L’esperienza di Lima ci aveva dato l’idea di costruire una nostra Università a San
Paolo, ma ci rendemmo conto presto che questa sarebbe stata un’impresa molto difficile.
Informandoci comunque su questa possibilità, scoprimmo che più del 40% delle Università
private di San Paolo avevano posti vacanti e pensammo: “se organizzando le persone
possiamo comprare la terra, perchè non possiamo negoziare un prezzo con un’università
privata?”. Cominciammo a negoziare. Oggi 40.000 dei nostri giovani studiano nelle diverse
facoltà, attraverso convenzioni con 13 Centri universitari, che consentono sconti sulle rate
universitarie tra il 30% e il 50%, a seconda del corso.

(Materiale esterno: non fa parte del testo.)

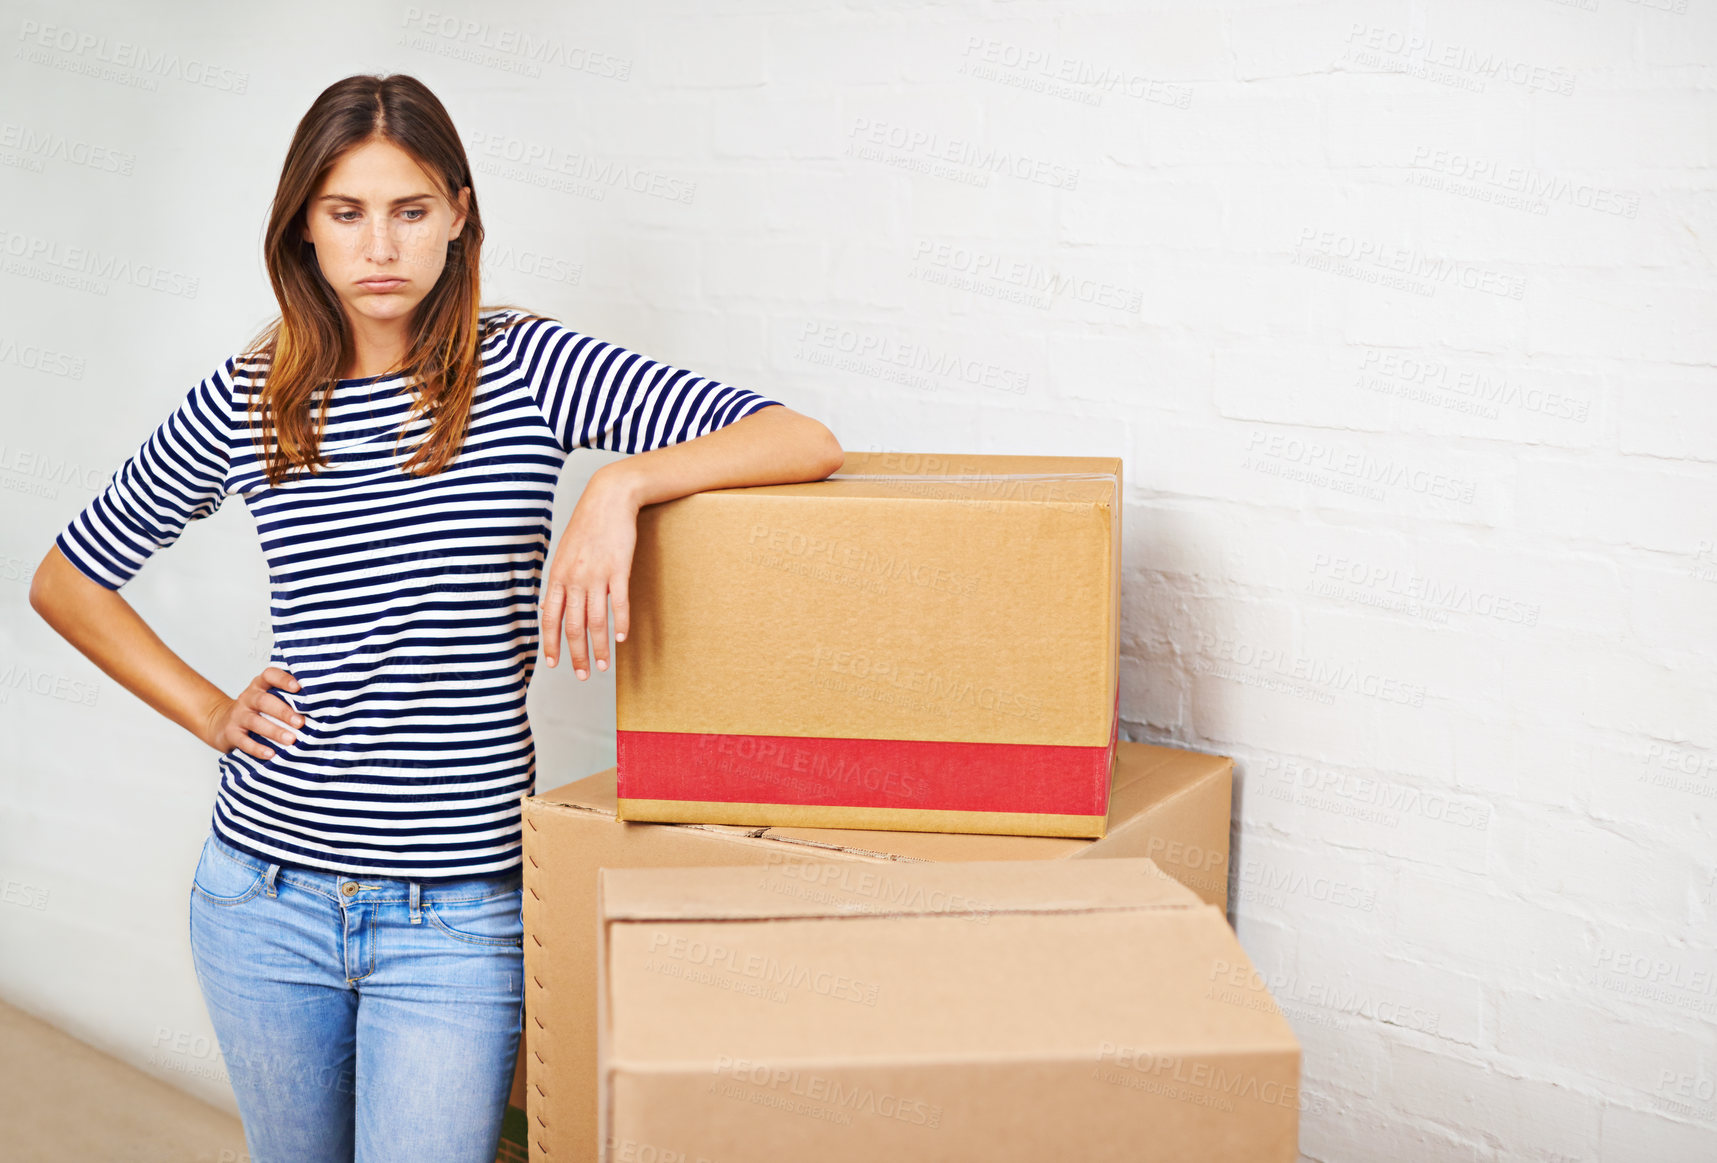 Buy stock photo Shot of an attractive young woman busy moving house
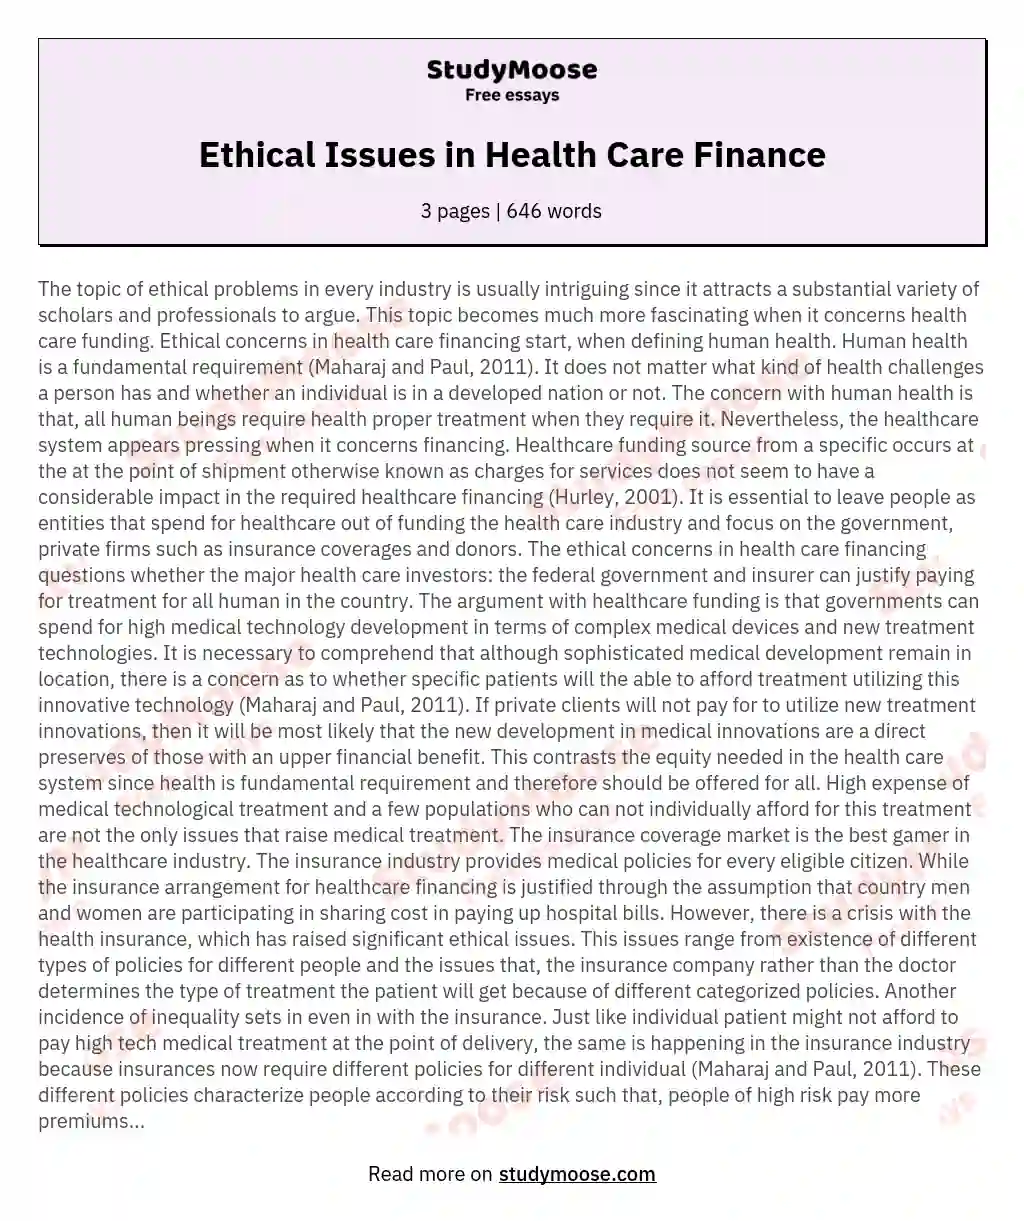 Ethical Issues in Health Care Finance essay

Non è questa però la cosa che più ci
interessa.
È molto importante che possano frequentare l’Università, prepararsi al mondo del
lavoro, ma soprattutto è importante che abbiano un luogo dove poter discutere della propria
vita nella sua totalità. Il desiderio di felicità e di totalità di ciascuno è molto più che
frequentare l’Università, avere una casa e una buona condizione di vita. Alcuni dei primi
ragazzi che hanno iniziato stanno terminando gli studi e cominciano ad aiutare quelli nuovi
che arrivano.
Il senso dell’essere protagonista
Questa è l’esperienza che viviamo a San Paolo. Credo che sarebbe necessario molto
più spazio per raccontare in modo esauriente i particolari di questa storia, che mi commuove
tutti i giorni. Una storia che mi aiuta a capire il senso dell’essere protagonista. Perché vedo
e condivido la vita di migliaia di protagonisti che Cristo colloca, come dono, nella mia vita
tutti i giorni. Gente che ha imparato a credere in se stessa e che ha cambiato non solo la
propria vita, ma quella di migliaia di altre persone. Uomini e donne semplici che insegnano
che per essere protagonisti è necessario collocarsi al servizio di un Altro, che dà senso
veramente alla nostra vita.
Oggi capisco con molta chiarezza cosa intendeva Don Giussani quando diceva che il
vero protagonista della storia è il mendicante. Ogni giorno, come un mendicante, supplico
Cristo che continui a usarmi per costruire la storia del Suo popolo, in ogni istante, perchè
percepisco la sproporzione tra ciò che ricevo e quello che riesco a dare.